Роман Феодори выбрал для постановки первый из монологов — рассказ шестнадцатилетней воспитанницы детского дома, которую угораздило впервые в жизни влюбиться по-настоящему в циничного взрослого мужчину, а потом натворить из-за этого бед. Удивительная штука — то, что спектакль по стопроцентно камерной вещи готовился для большой сцены. Интриговал и жанр, обозначенный режиссером — «урбанистический антимюзикл». Рекламный ход? Нет, Феодори поступил действительно оригинально. Он не стал растягивать пространство персональной исповеди до размеров зрительного зала — вместо этого он сжал нас с вами, уважаемые зрители, и поместил в голову главной героини. Там мы и будем находиться весь спектакль — сидя не то в отдалении, не то в паре шагов от несчастной Наташи с ее наивной мечтой о счастье, фате и шоколадных конфетах, и на мир тоже будем смотреть ее глазами, и слушать — ее ушами.

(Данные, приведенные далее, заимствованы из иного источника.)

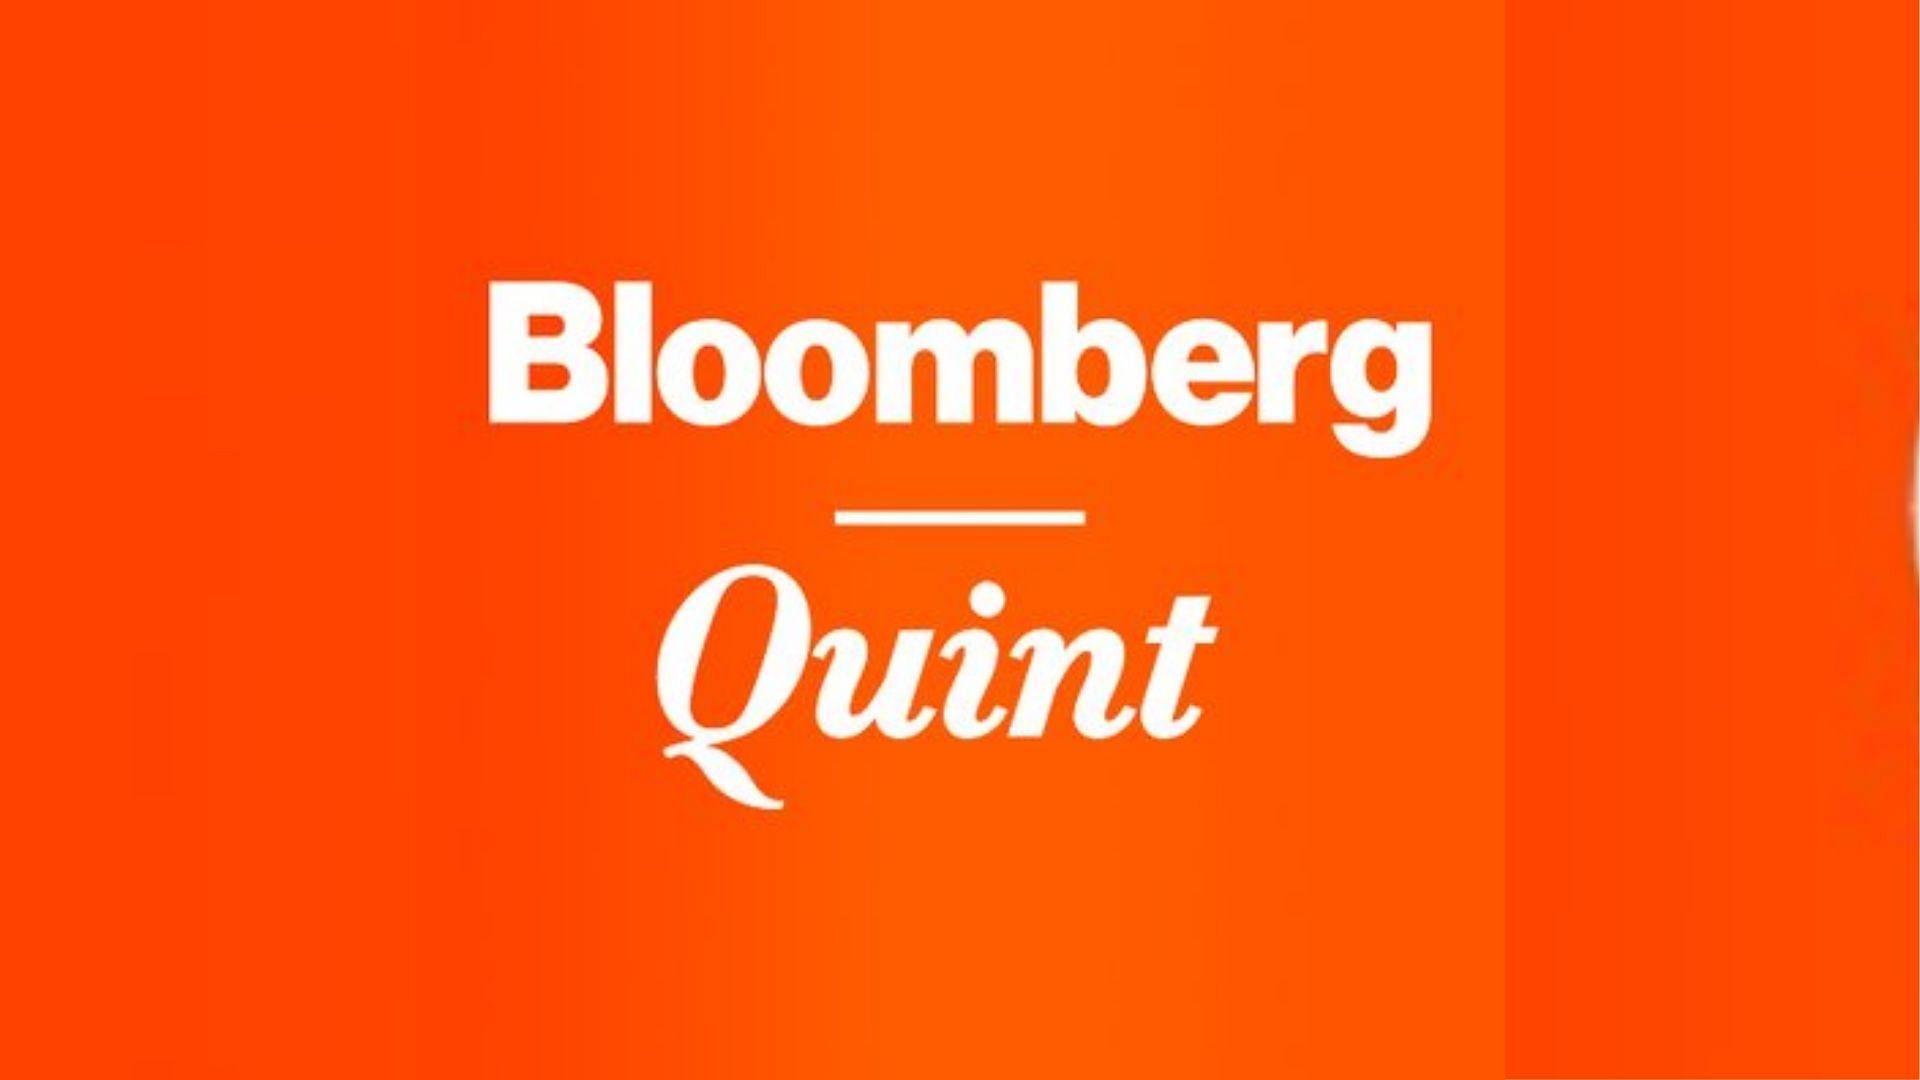 Bloombergquint?blur=25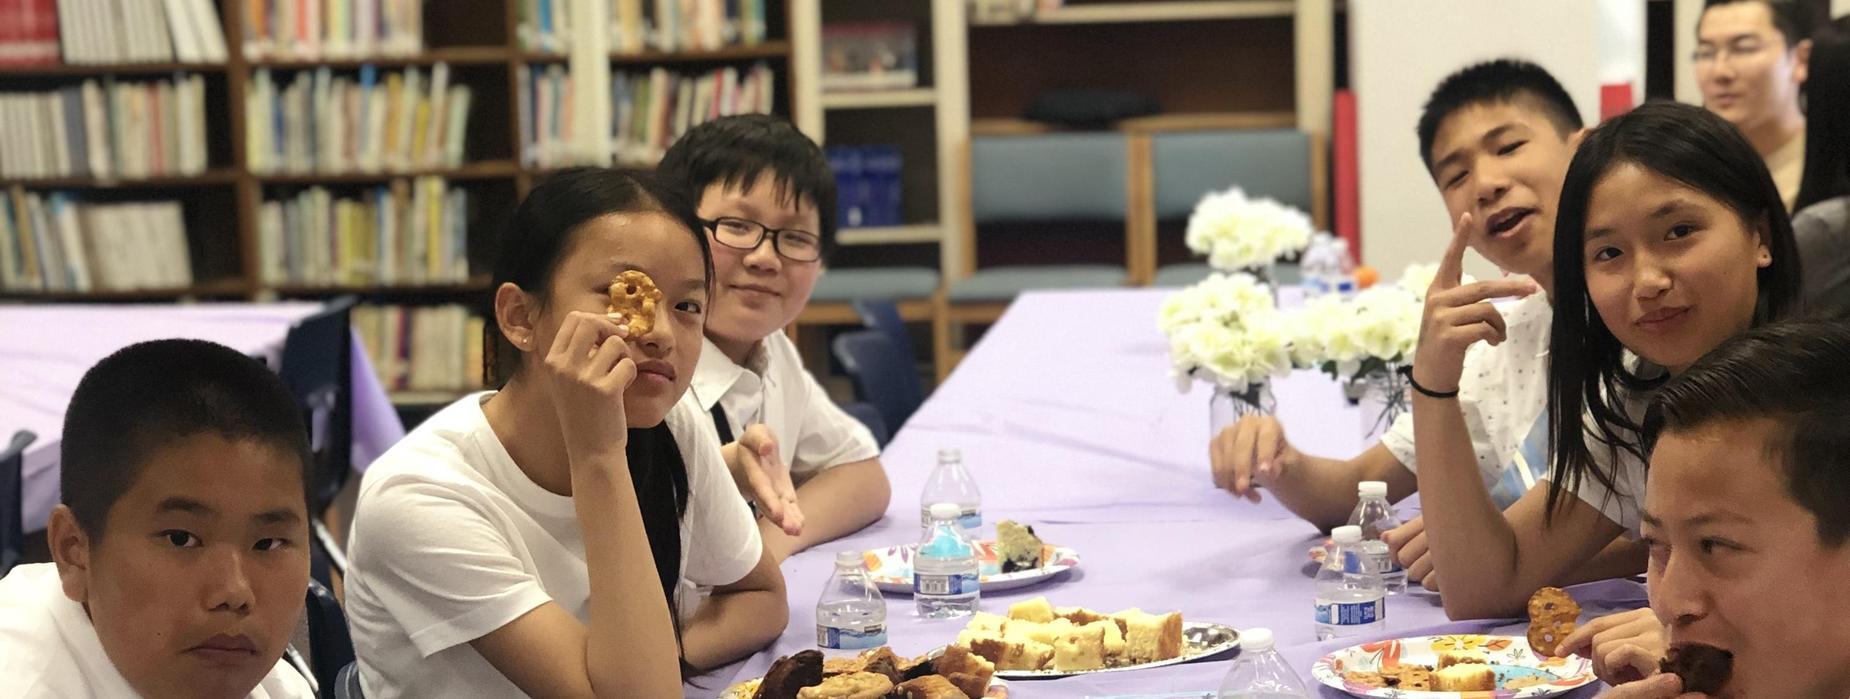 Marguerita student volunteer having lunch

Даже обычные дети, которые воспитываются в обычных семьях, склонны упрекать Вселенную в несправедливости: не подарили на день рождения желанную игрушку, какая есть у соседа, заставили учить уроки, когда остальные одноклассники пинают балду на улице... Почему одним всё, а другим ничего?! Мало ли поводов обидеться у маленького существа, только-только вступающего в жизнь? А сколько же их должно быть тогда у того, кто лишен многих благ этой самой обычной жизни? Каким должен казаться мир такому ребенку, который был вынужден очень рано не то чтобы повзрослеть, но как-то скособочиться в сторону колючей, агрессивной взрослости?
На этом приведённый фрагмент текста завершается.